The value of place

The Kinder Institute’s experiential learning programs put the politics of the past in context by taking students to where history was made.

Students researching in an Oxford Bodleian Library.
Students researching in an Oxford Bodleian Library.

Published on Show Me Mizzou Dec. 17, 2025
Story by Chris Blose, MA ’03

Photos by Andrew Bailey

A student finds her future career in the stacks at the Library of Congress during a summer program in Washington, D.C. Across the Atlantic at Oxford University, eager learners walk stately halls where Thomas Hobbes, John Locke and others developed foundational political philosophy. Down near the southern tip of Africa, yet another cohort of students explores the space where race and politics met during and after apartheid.

These scenarios have more in common than just being study abroad opportunities. They’re all carefully designed experiences created by the Kinder Institute on Constitutional Democracy. “It’s place-based learning,” says Billy Coleman, the institute’s associate director, “so all the things that they’re learning in the classroom are relevant to the place that they’re in.”

Each Kinder experience provides ambitious students the opportunity not only to analyze and discuss elements of history but also put that history in context by simply being where it happened.

students enjoying a walking tour in Oxford
Dan Rowe and Billy Coleman led students in the inaugural Kinder-RAI Oxford Summer School on a walking tour of campus, including historical sites.

The Kinder Institute’s connection to Oxford is not new. Since 2021, graduate students have spent a month at Oxford’s Corpus Christi College as part of the year-long master’s degree program in Atlantic History & Politics program which begins with a residency each summer. 

What is new is offering a similar opportunity for undergraduates, launched in the summer of 2025. The undergraduate Oxford Summer School is open to students who have completed the Revolutions & Constitutions Kinder-Honors sequence, and it complements the Kinder Institute’s Spring Break Oxford program, which runs every other year with the next session in March 2026. “We wanted to be able to create a much more bespoke, immersive experience for our undergraduates,” Coleman says. “And we were able to do that by partnering with the Rothermere American Institute (RAI) at the University of Oxford.”

In the first cohort of the new program, 20 undergraduates spent a month learning from Oxford professors, researching in the famed Bodleian Libraries, and dining and conversing in halls that were 500-plus years old. 

Students dining in a historic Oxford hall
Students dine in halls that are 500-plus years old.

“They studied, through deep immersion in the British Civil Wars of the 1640s, right through to the Glorious Revolution, this fiery crucible in which ideas about liberty and about divisions of power were formed,” says Daniel Rowe, RAI’s director of academic programmes and one of the program’s instructors.
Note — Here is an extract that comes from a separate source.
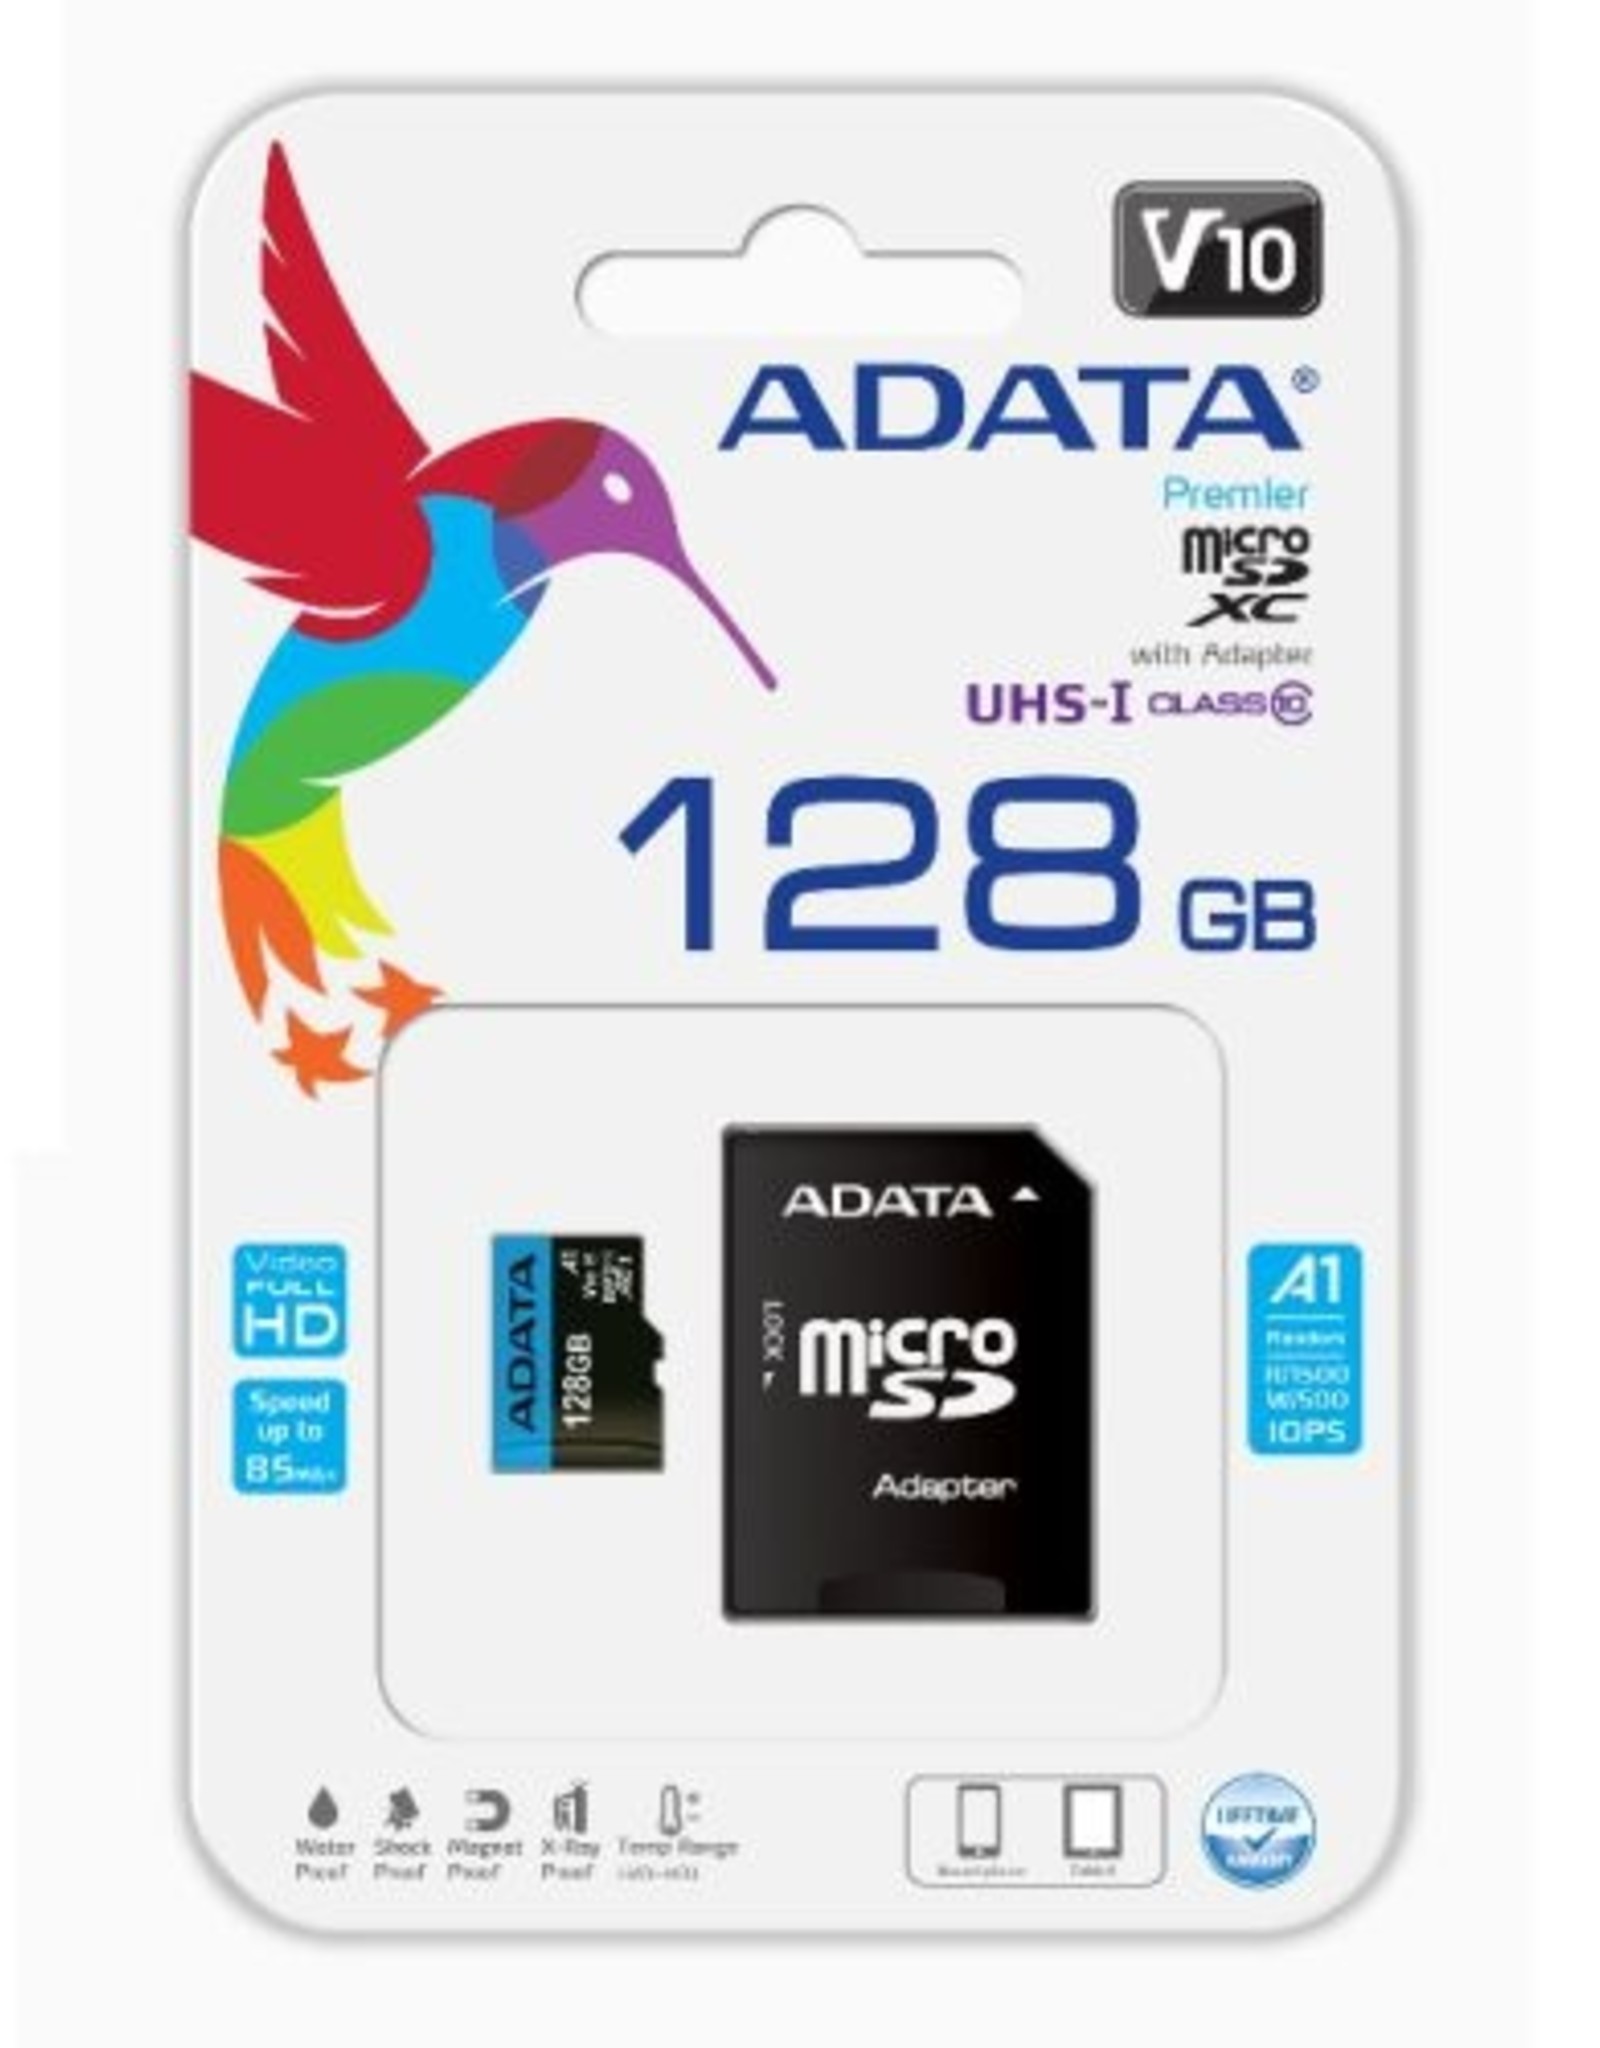 ADATA ADATA 128GBHIGHCAPACITY CLASS10-A1 SD CARD, READ/WRITE 100/25MBS, +  SD ADAP

A walking tour of Oxford took students to major sites from the civil wars they were studying. On a field trip to London, they visited the original site of St. Mary Aldermanbury Church. Destroyed first by fire in the 1600s and again during World War II, the church was rebuilt with original stones in Fulton, Mo.

“I would say the highlight for me was the practicums we did about museum studies,” says Carly Riggs, who is majoring in public history and Spanish. “We took tours of all the museums around Oxford. We actually got to go to a muon facility, which talked about carbon dating and how they use that cross-section of science and history to figure out where things come from.” At the end of the practicum, students got to redesign a museum exhibit.

students touring an art museum
Students have the opportunity to tour several art museums in Oxford.

In addition to such field trips, the academic rigor itself was a highlight for strategic communications major Addeline Morlan. From the strenuous reading requirements to the highly personal Oxford tutorial style, she came away from the program both challenged and edified. 

“It’s not about memorizing information that we have learned throughout the four weeks,” she says. “It was thinking through the readings and defending our interpretations in real time. And that level of individual feedback completely changed the way that I write and I analyze information now.” Learning and writing styles aren’t all that changed for Morlan. Back at Mizzou, she’s pursuing independent research about misinformation, and she’s pondering constitutional law as a possible future. 

Ultimately, the success of the program is reflected in how it changes participants. “I think the links that students are drawing are to think about these big questions, and to realize that these big questions are long-standing,” Rowe says. “They’re perennial, but they have a deep context, a deep history. This is about giving students the tools and the context to make informed judgments.”